Many outstanding researchers and labs have created visualizations of their research using word clouds. In this post, I present a simple, automated “paper2wordcloud” workflow to create eye-catching word cloud visualizations. It combines the efficiency of automation with the power of human intuition and aesthetic sense. The figure below was created using my published papers.
The general steps in the workflow are:
- Collect PDF files representing your research (10 min).

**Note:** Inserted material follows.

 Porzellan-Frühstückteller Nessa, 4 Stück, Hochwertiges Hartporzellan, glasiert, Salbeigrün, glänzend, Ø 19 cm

- Run a Python script to extract the top words from the PDF files (10 min).
- Review, edit, and finalize the list of top words (20 min).
- Use a word cloud generator, adjust the look, and generate SVG (15 min).
- Convert the SVG file to a PDF/PNG file (5 min).
Now let’s dive into it.
Step 1: Collect your research
Collect all the PDF files that can represent your research, for example, papers, slides, posters, and proposals. Place all PDF files in a single, flat directory, without subfolders. The PDF files should be machine-readable, that is, the pages should not be scanned photocopies, and the text should be selectable in PDF viewers.
Step 2: Extract top words
2.1 Install Python
Install Python if you haven’t. For macOS users, install Python via Homebrew:
brew install python
This will install the latest maintained release of Python 3 provided by Homebrew.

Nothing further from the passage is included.